Each audio track entry is a JSON object with the following keys:

  • label: A label for the audio track. This is displayed in the menu for the viewer to select a text track.
  • language: A two or three letter IETF BCP 47 subtype code indicating the language of the audio track.
  • url: A valid URL that browsers can use to retrieve the track. The URL must resolve to a publicly-routed IP address, and must use the https: scheme.
  • contentType: A string representing the MIME type of the track at url. Any type starting with audio from the list above is acceptable. However the usage of audio/aac is known to cause audio syncrhonization problems for some users. It is recommended to use an m4a file to wrap aac streams.
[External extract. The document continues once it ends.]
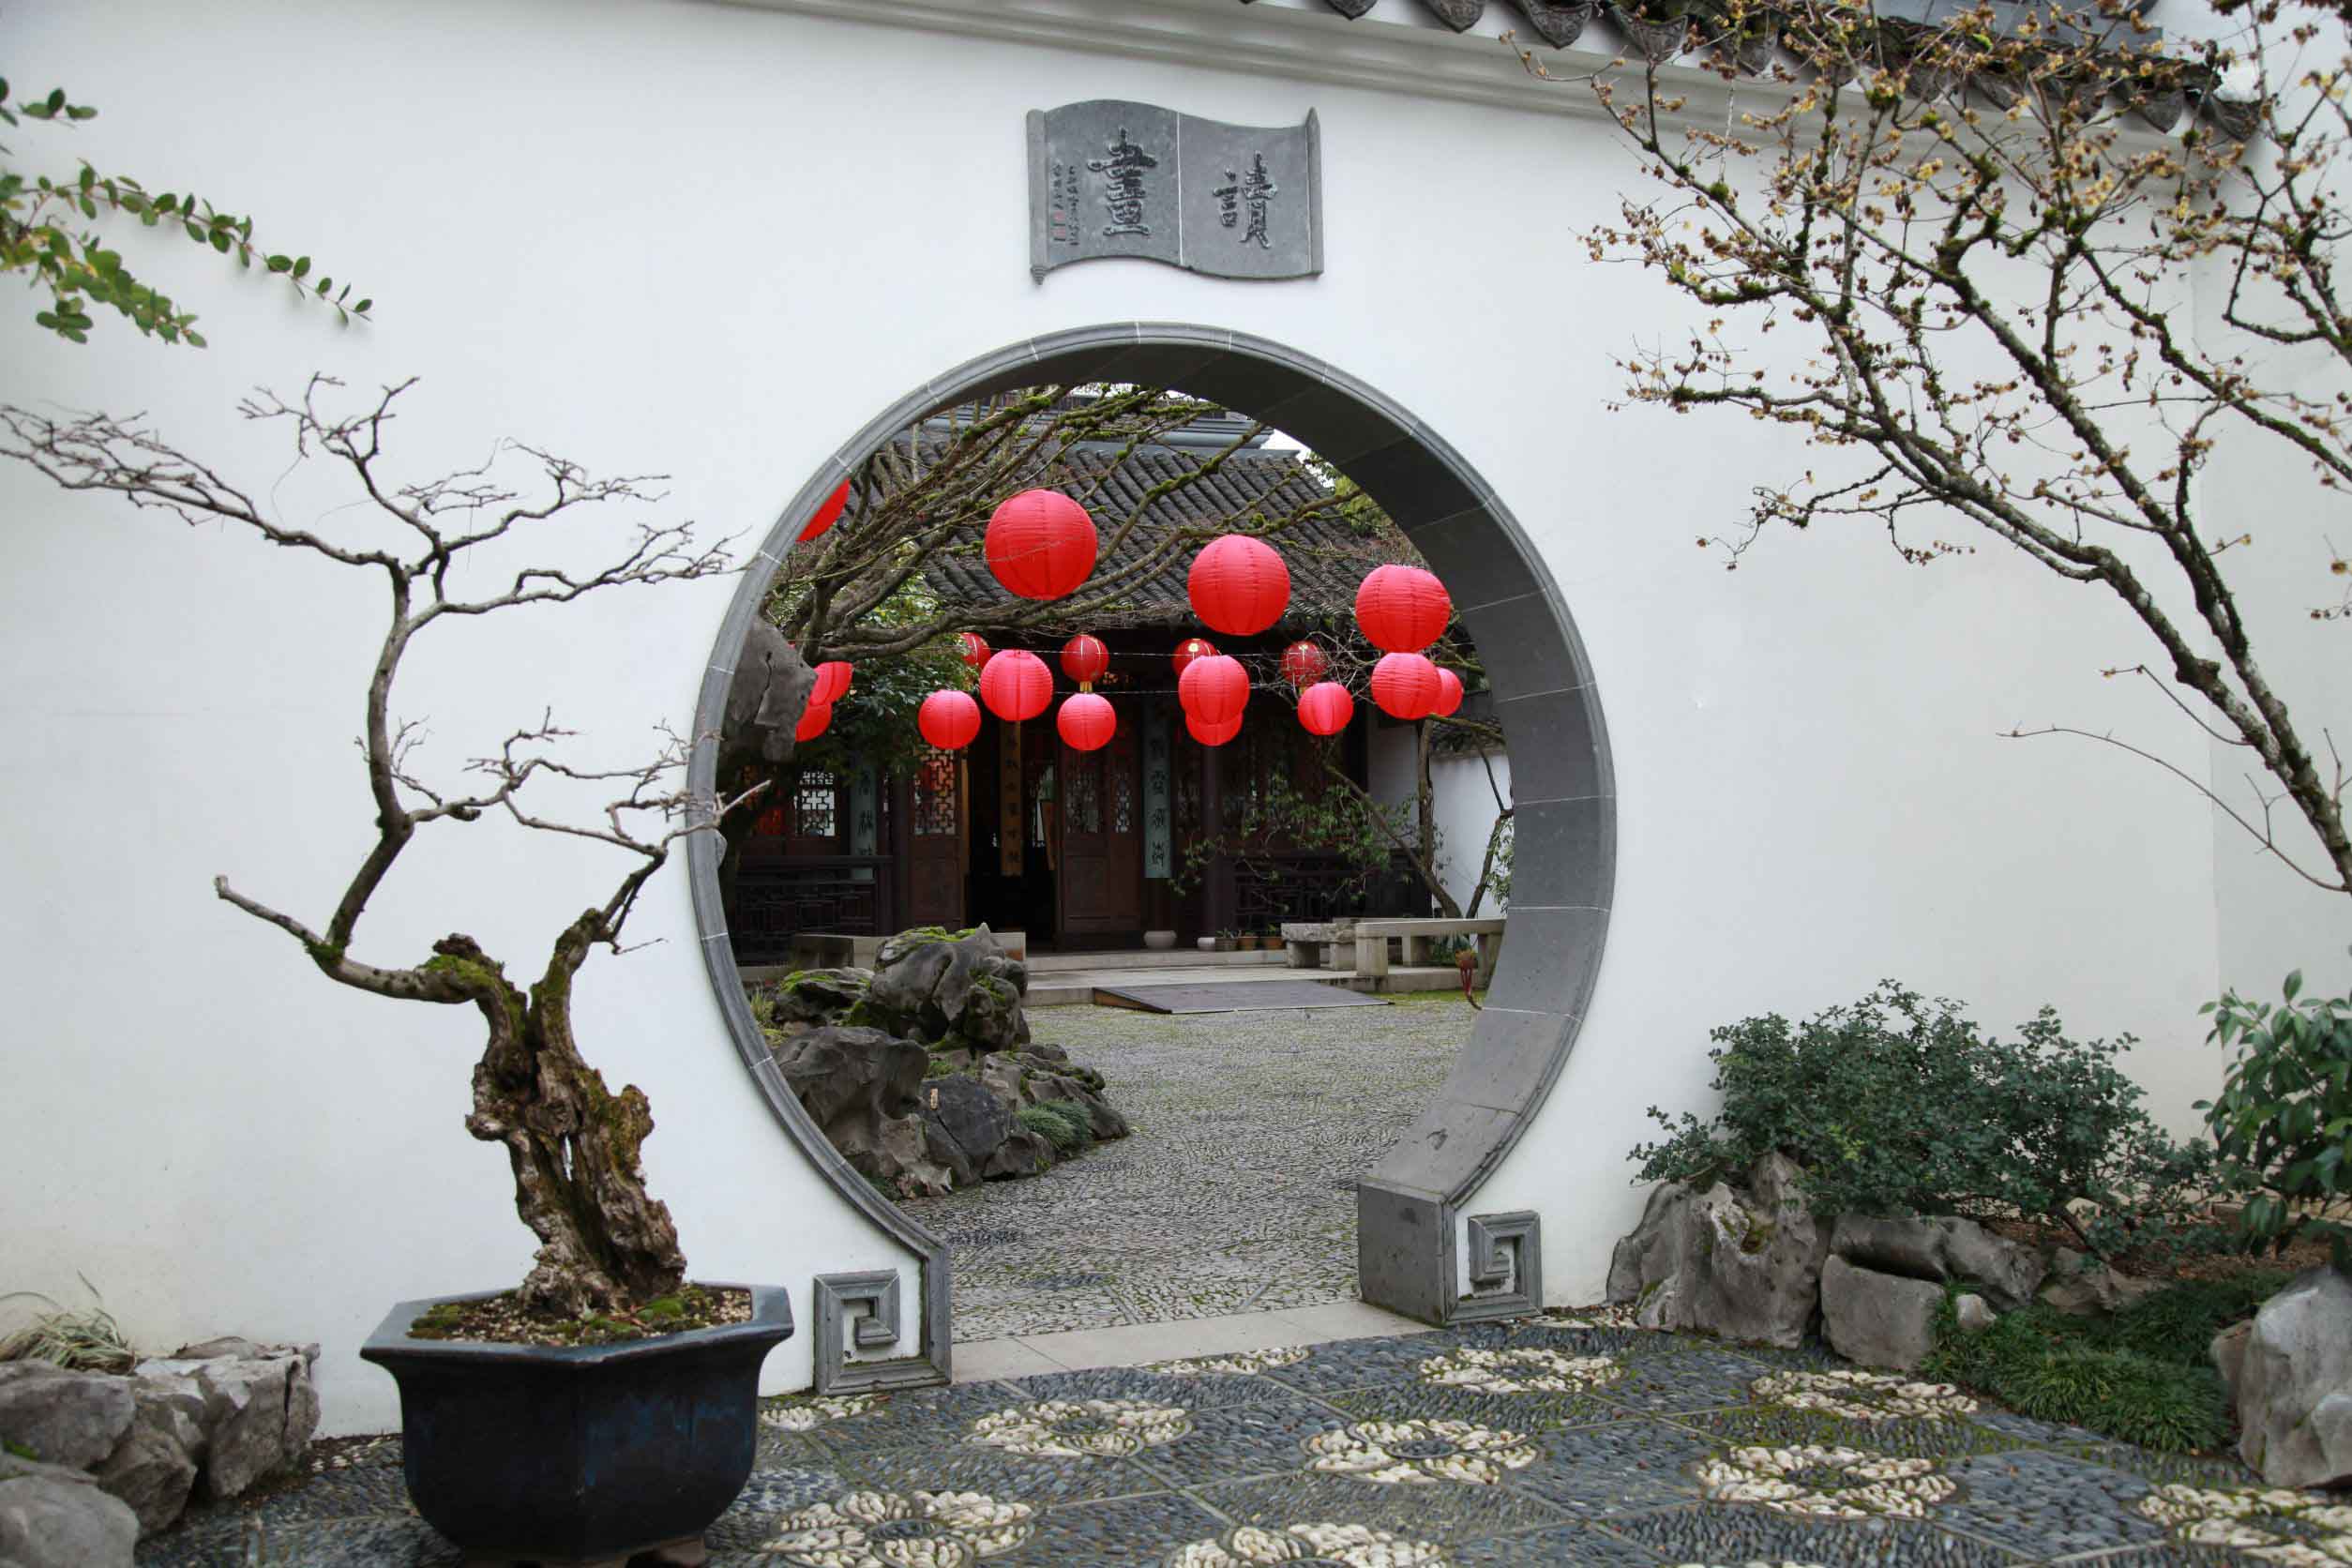 Lanterns hanging over the courtyard entrance

Important note regarding audio tracks:

Because of browsers trying to be too smart for their own good, you should include a silent audio stream in the video sources when using separate audio tracks. If you do not, the browser will automatically pause the video whenever the browser detects the page as not visible. There is no way to instruct it to not do so. You can readily accomplish the inclusion of a silent audio track with ffmpeg using the anullsrc filter like so: ffmpeg -f lavfi -i anullsrc=channel_layout=stereo:sample_rate=48000 -i input.mp4 -c:v copy -c:a aac -shortest output.mp4 It is recommended to match the sample rate and codec you intend to use in your audioTracks in your silent track.

Text Track Format

Each text track entry is a JSON object with the following keys:

  • url: A valid URL that browsers can use to retrieve the track. The URL must resolve to a publicly-routed IP address, and must the https: scheme.
  • contentType: A string representing the MIME type of the track at url. The only currently supported MIME type is text/vtt.
  • name: A name for the text track. This is displayed in the menu for the viewer to select a text track.
  • default: Enable track by default. Optional boolean attribute to enable a subtitle track to the user by default.
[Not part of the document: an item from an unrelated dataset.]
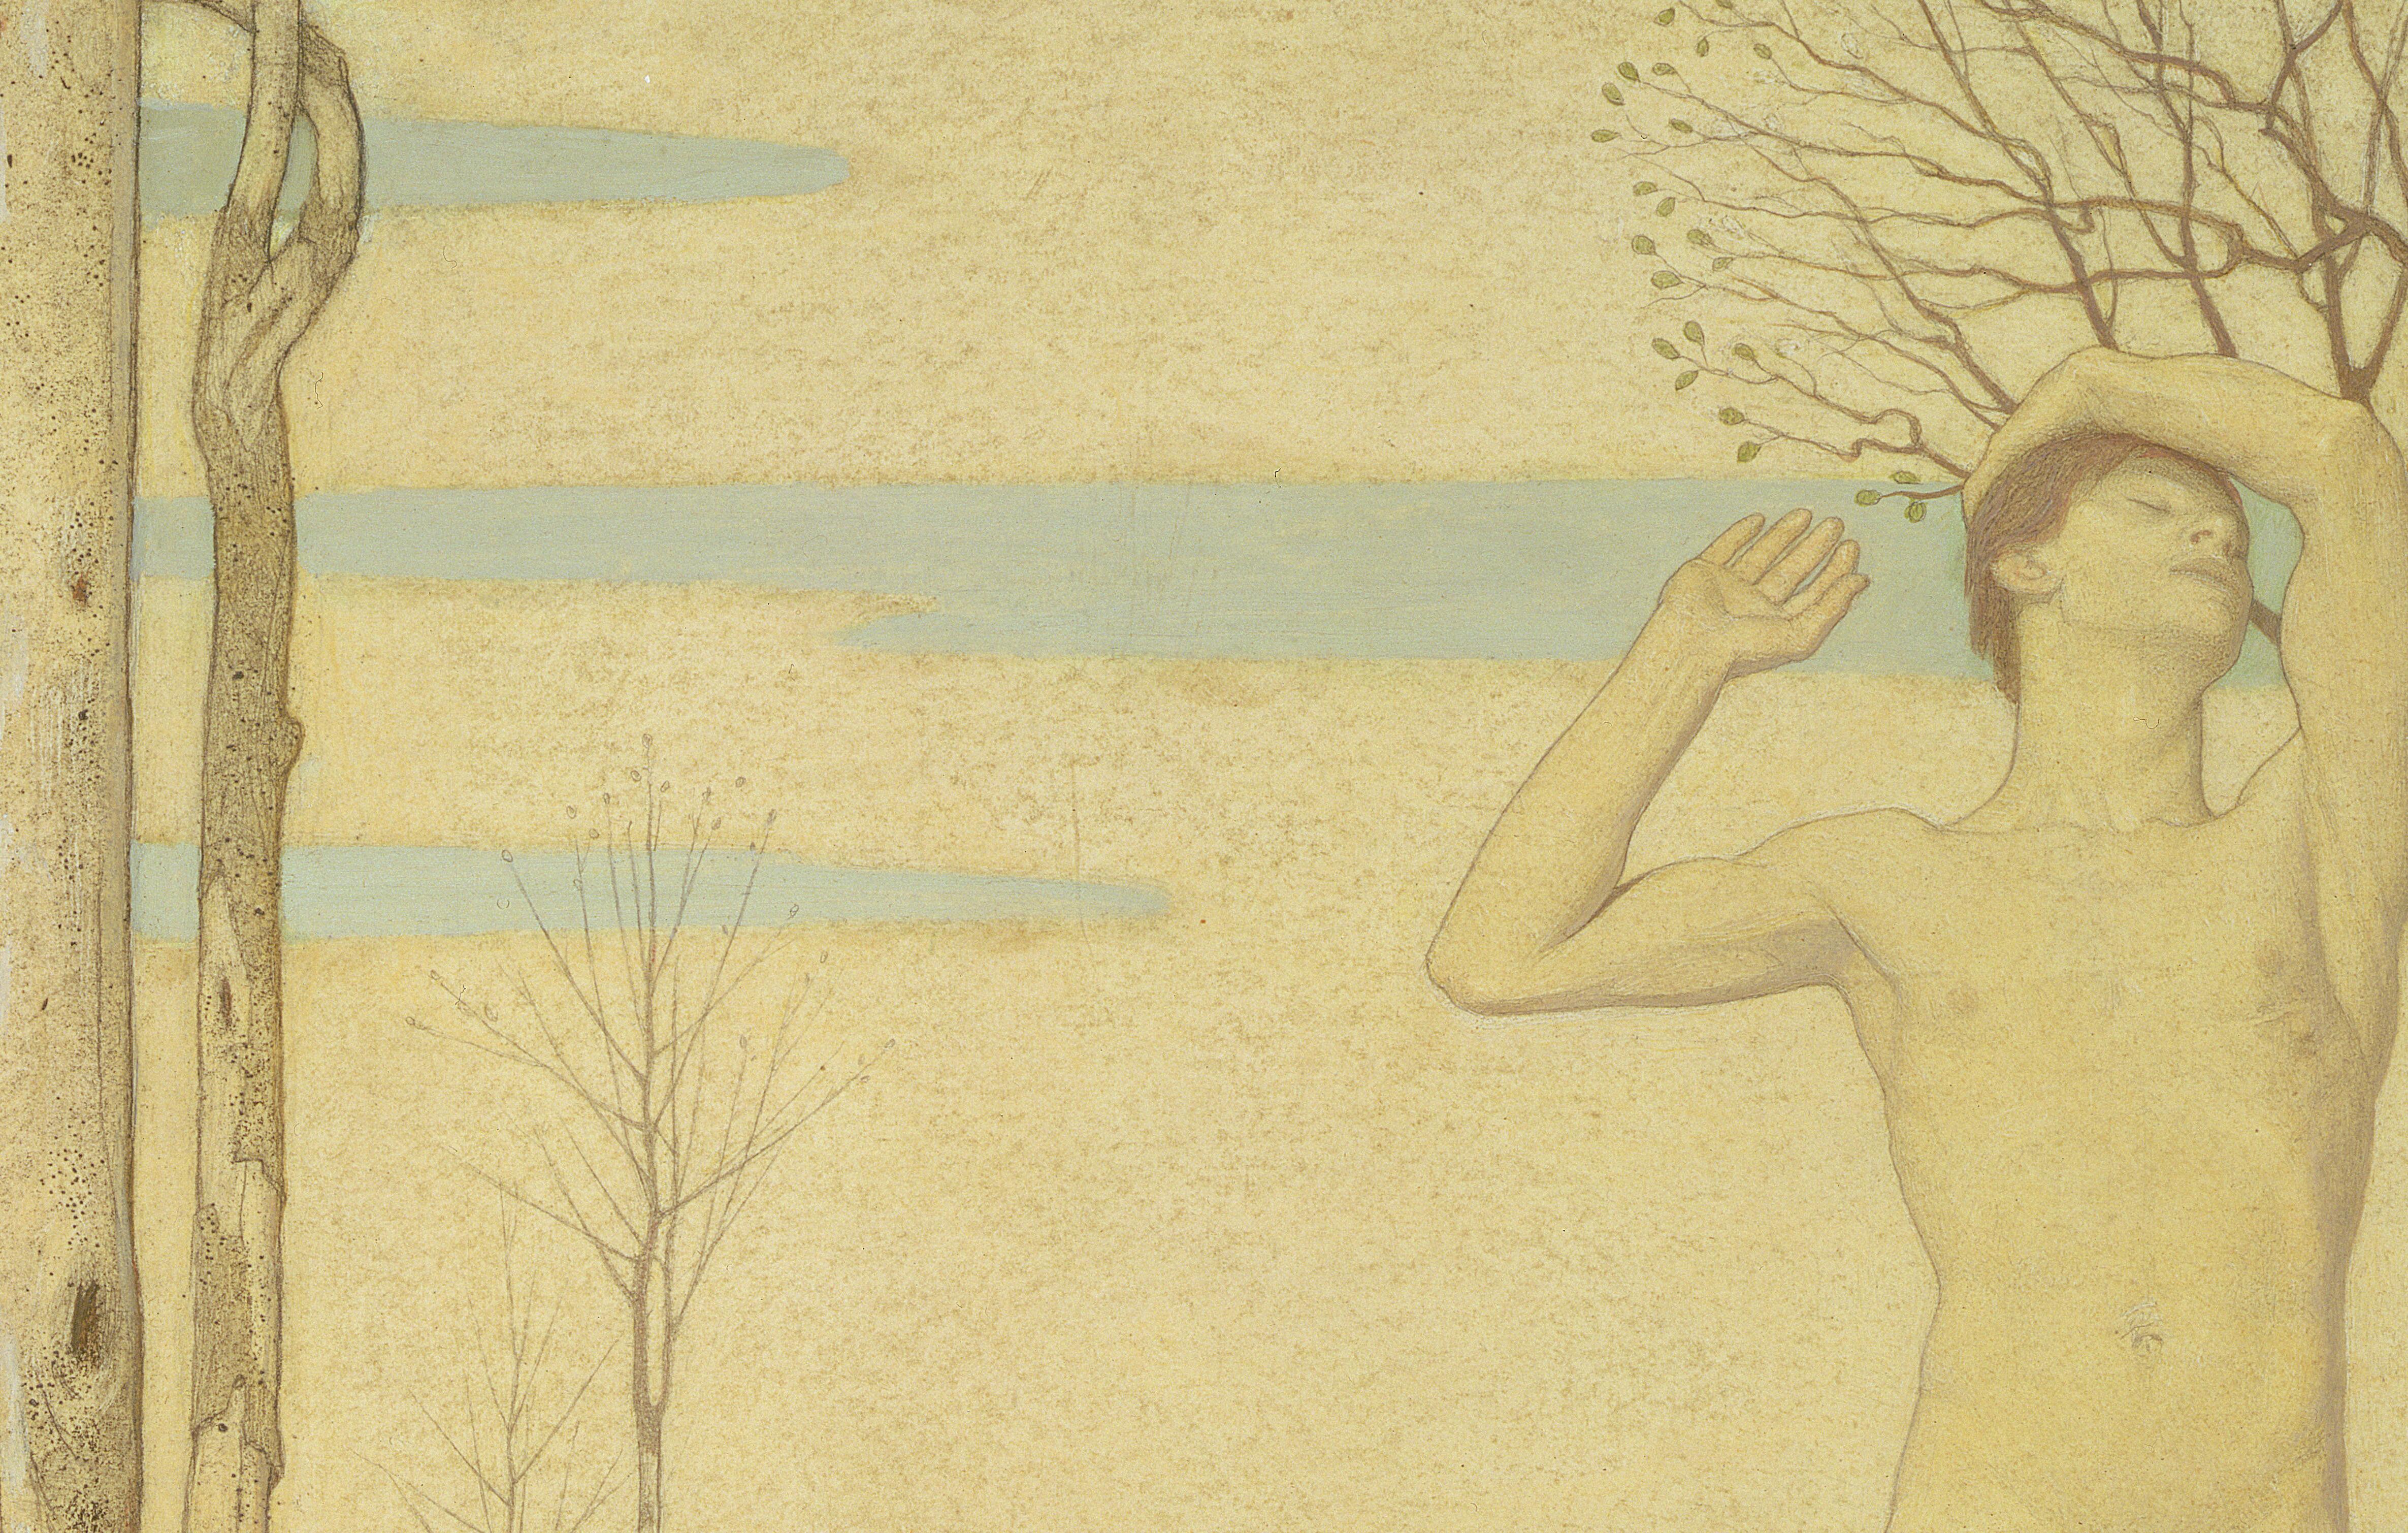 Frederick Cayley Robinson, <i>The Youth</i>, 1923, charcoal, watercolour, gouache, pastel, oil, and pencil on panel, 46.3 x 62.2 cm. Private Collection. Digital image courtesy of Fine Art Society (All rights reserved).

Important note regarding text tracks and CORS:

By default, browsers block requests for WebVTT tracks hosted on different domains than the current page. In order for text tracks to work cross-origin, the Access-Control-Allow-Origin header needs to be set by the remote server when serving the VTT file. See MDN for more information about setting this header.

Example

{
  "title": "Test Video",
  "duration": 10,
  "live": false,
  "thumbnail": "https://example.com/thumb.jpg",
  "sources": [
    {
      "url": "https://example.com/video.mp4",
      "contentType": "video/mp4",
      "quality": 1080,
      "bitrate": 5000
    }
  ],
  "textTracks": [
    {
      "url": "https://example.com/subtitles.vtt",
      "contentType": "text/vtt",
      "name": "English Subtitles",
      "default": true
    }
  ]
}

Permissions

The permission node to allow users to add custom content is the same as the permission node for the existing raw file support. Custom content is considered as an extension of the existing feature.

Unsupported/Undefined Behavior

The behavior under any the following circumstances is not defined by this specification, and any technical support in these cases is voided. This list is non-exhaustive.
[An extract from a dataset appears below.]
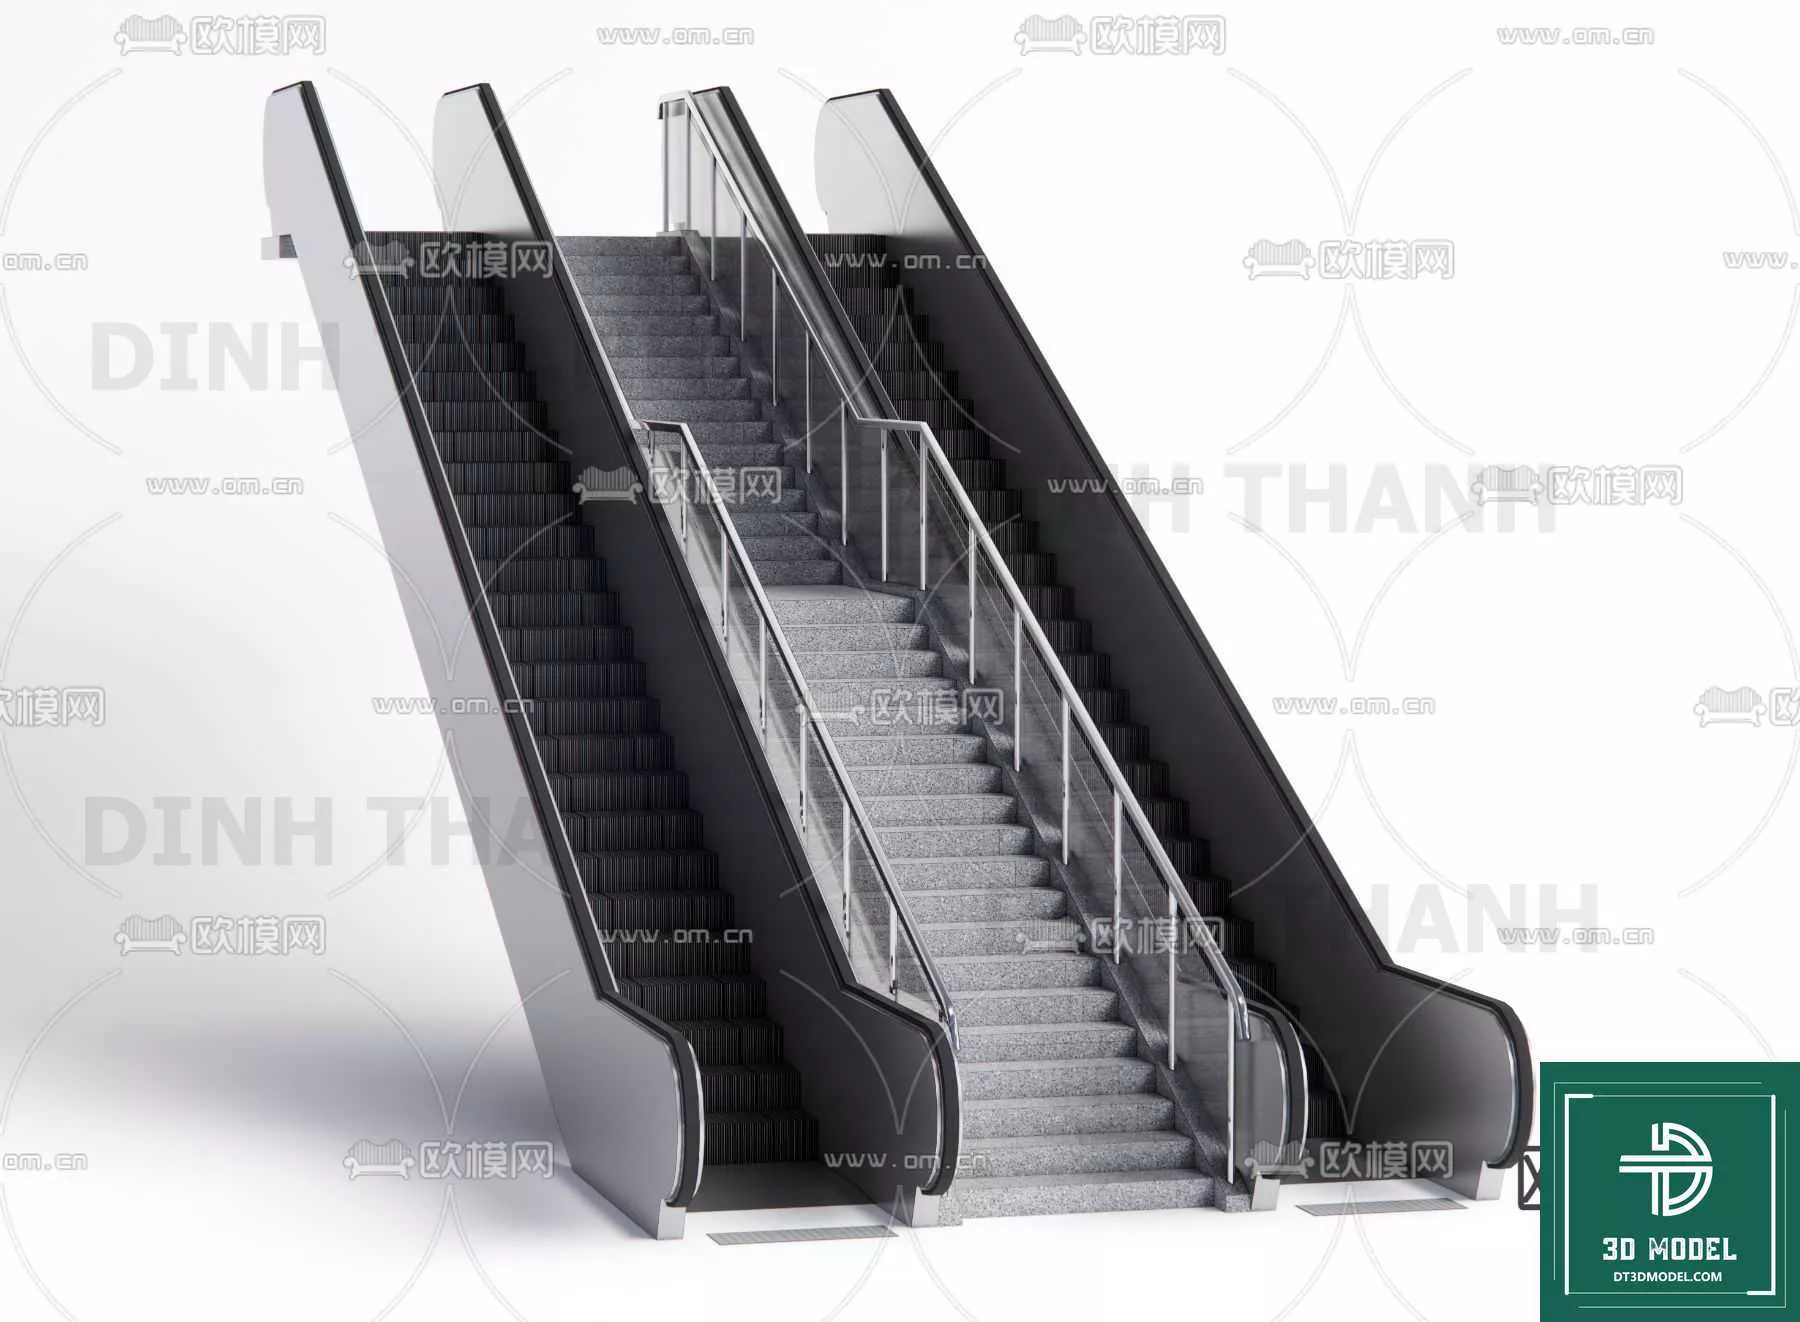 MODERN STAIR - SKETCHUP 3D MODEL - VRAY OR ENSCAPE - ID14266

  • Source URLs or text track URLs are hosted on a third-party website that does not have knowledge of its content being played on CyTube.
  • The webserver hosting the source or text track URLs serves a different MIME type than the one specified in the manifest.
  • The webserver hosting the source or text track URLs serves a file that does not match the MIME type specified in the Content-Type HTTP header returned to the browser.
  • The manifest includes source URLs or text track URLs with expiration times, session IDs, etc. in the URL querystring.
  • The manifest provides source URLs with non-silent audio as well as a list of audioTracks.